2. Solving the System: 3x - 2y + 3 = 0 and 4x + 3y - 47 = 0
Next, let's tackle the second system of equations:
3x - 2y + 3 = 0
4x + 3y - 47 = 0
For this system, the elimination method might be more convenient. The elimination method involves manipulating the equations to eliminate one of the variables. To eliminate y, we can multiply the first equation by 3 and the second equation by 2:
3(3x - 2y + 3) = 9x - 6y + 9 = 0
2(4x + 3y - 47) = 8x + 6y - 94 = 0
Now, add the two equations together:
(9x - 6y + 9) + (8x + 6y - 94) = 0
17x - 85 = 0
17x = 85
x = 5
Now that we have the value of x, we can substitute it back into either of the original equations to find the value of y. Let's use the first equation:
3(5) - 2y + 3 = 0
15 - 2y + 3 = 0
18 - 2y = 0
-2y = -18
y = 9
Therefore, the solution to the second system of equations is x = 5 and y = 9. Let's verify this solution:
- Equation 1: 3(5) - 2(9) + 3 = 15 - 18 + 3 = 0 (Correct)

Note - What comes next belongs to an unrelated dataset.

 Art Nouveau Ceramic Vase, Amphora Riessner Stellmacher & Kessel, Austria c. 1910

- Equation 2: 4(5) + 3(9) - 47 = 20 + 27 - 47 = 0 (Correct)
Our solution (x, y) = (5, 9) satisfies both equations. This exemplifies how the elimination method simplifies the process by strategically removing variables, making it easier to solve for the remaining ones. This method shines when the coefficients of one variable are multiples of each other, or when a simple multiplication can achieve this. The strategic choice of method is crucial for efficient problem-solving in algebra.

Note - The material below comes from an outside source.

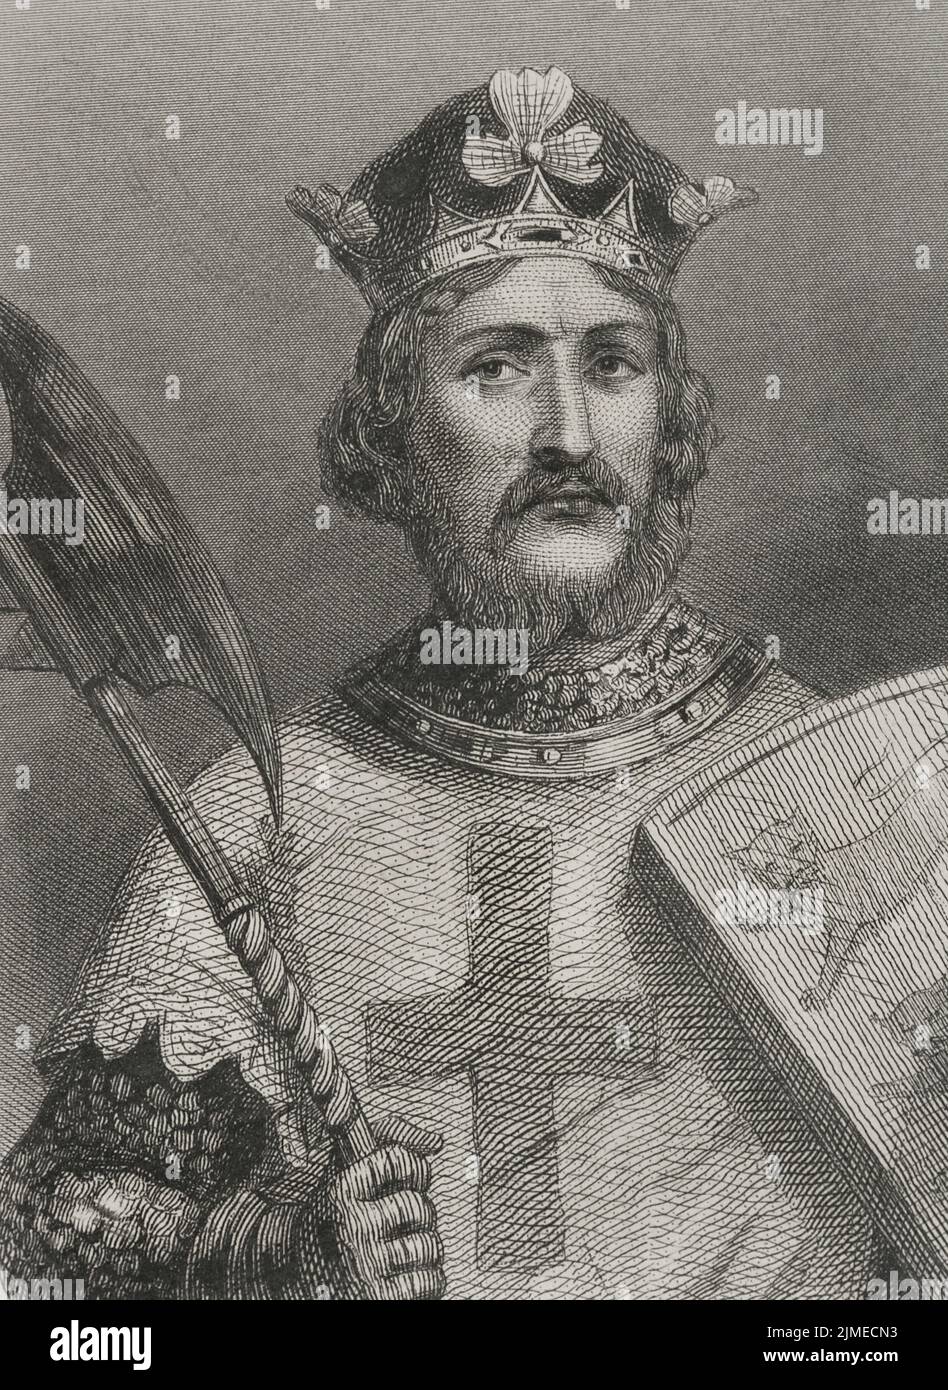 Richard I (1157-1199). King of England (1189-1199), nicknamed Richard the Lionheart. House of Plantagenet. Portrait. Engraving. 'Historia Universal', by César Cantú. Volume III, 1855. Stock Photo
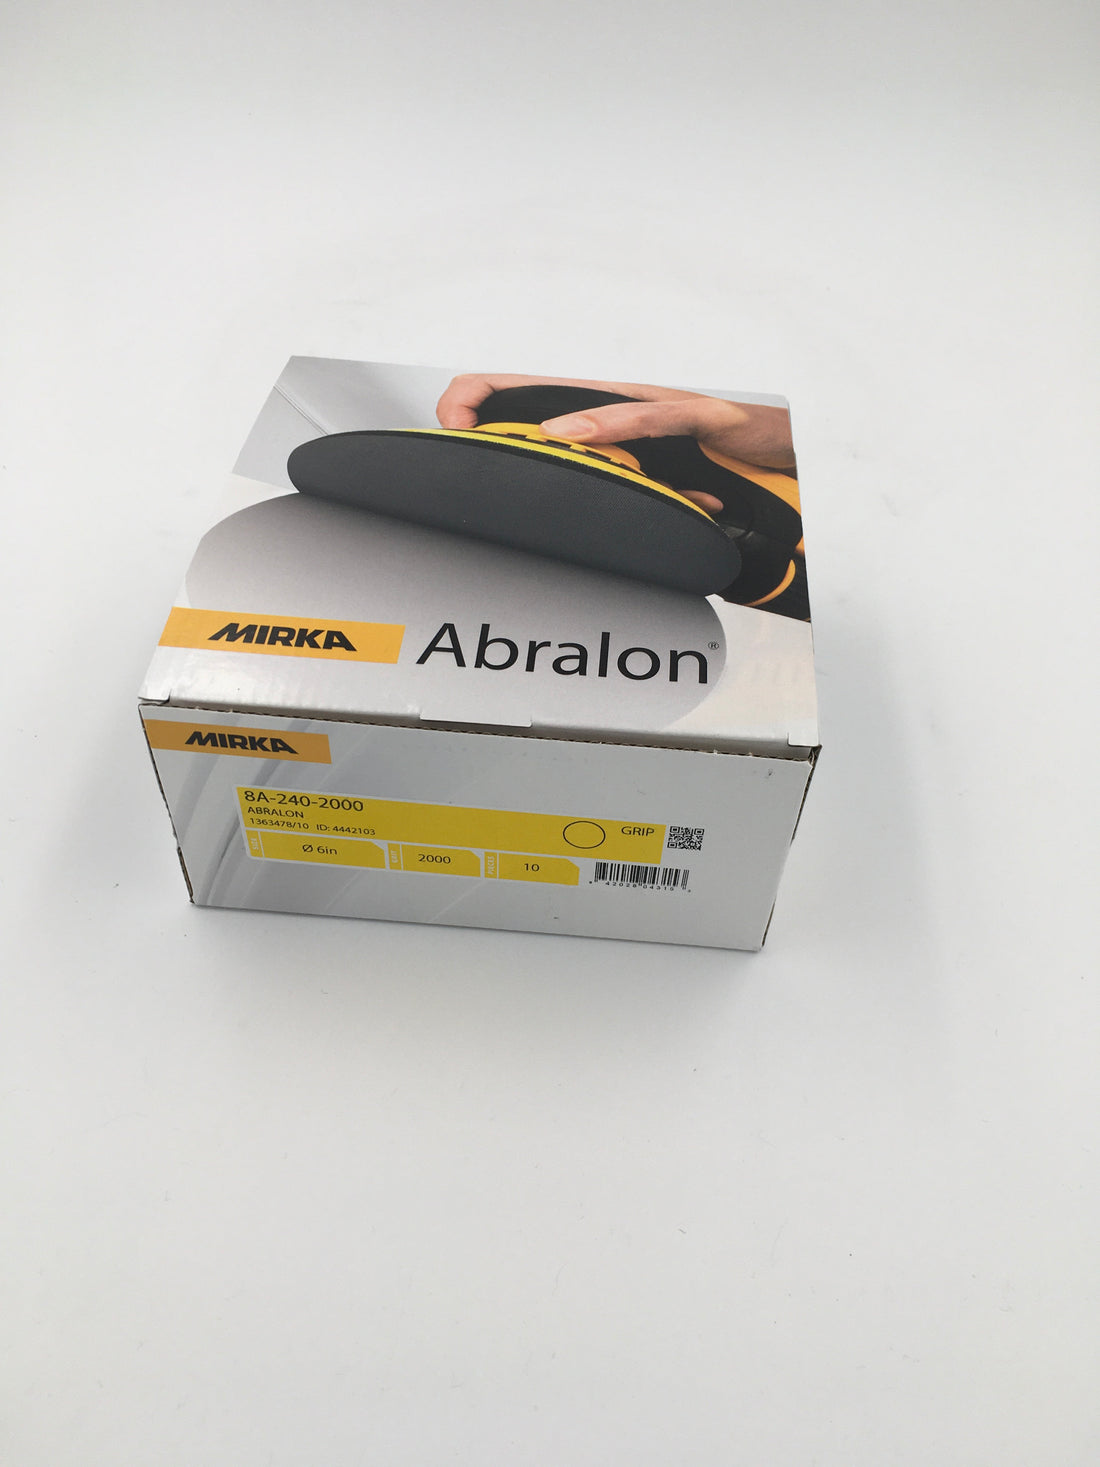 Mirka Abralon 6'in. Foam Grip Disc 2000 Grit Qty 10 Box

3. Solving the System: 3x + 2y + 25 = 0 and 2x + y + 10 = 0
Finally, let's solve the third system of equations:
3x + 2y + 25 = 0
2x + y + 10 = 0
For this system, we can again use the elimination method. To eliminate y, we can multiply the second equation by -2:
-2(2x + y + 10) = -4x - 2y - 20 = 0
Now, add this modified equation to the first equation:
(3x + 2y + 25) + (-4x - 2y - 20) = 0
-x + 5 = 0
-x = -5
x = 5
Now that we have the value of x, substitute it back into the second equation to find y:
2(5) + y + 10 = 0
10 + y + 10 = 0
y + 20 = 0
y = -20
Thus, the solution to the third system of equations is x = 5 and y = -20. Let's verify this solution:
- Equation 1: 3(5) + 2(-20) + 25 = 15 - 40 + 25 = 0 (Correct)
- Equation 2: 2(5) + (-20) + 10 = 10 - 20 + 10 = 0 (Correct)
Therefore, the solution (x, y) = (5, -20) is confirmed. This system further demonstrates the effectiveness of the elimination method, particularly when dealing with equations where variables can be easily eliminated through multiplication and addition. The consistent application of algebraic principles, coupled with careful execution, ensures accurate solutions even in systems with larger numbers or negative values. This reinforces the importance of a methodical approach in problem-solving.
Conclusion
In this article, we've explored how to solve systems of linear equations using both substitution and elimination methods. Each system presented different challenges, highlighting the importance of understanding the nuances of each method and choosing the most efficient approach. Mastery of these techniques is essential for further studies in mathematics and related fields. Solving systems of equations is a cornerstone of algebra, and with practice, these methods become second nature, enabling you to tackle complex problems with confidence. The ability to solve such systems is not just a mathematical skill but also a valuable tool for analytical thinking and problem-solving in various real-world scenarios.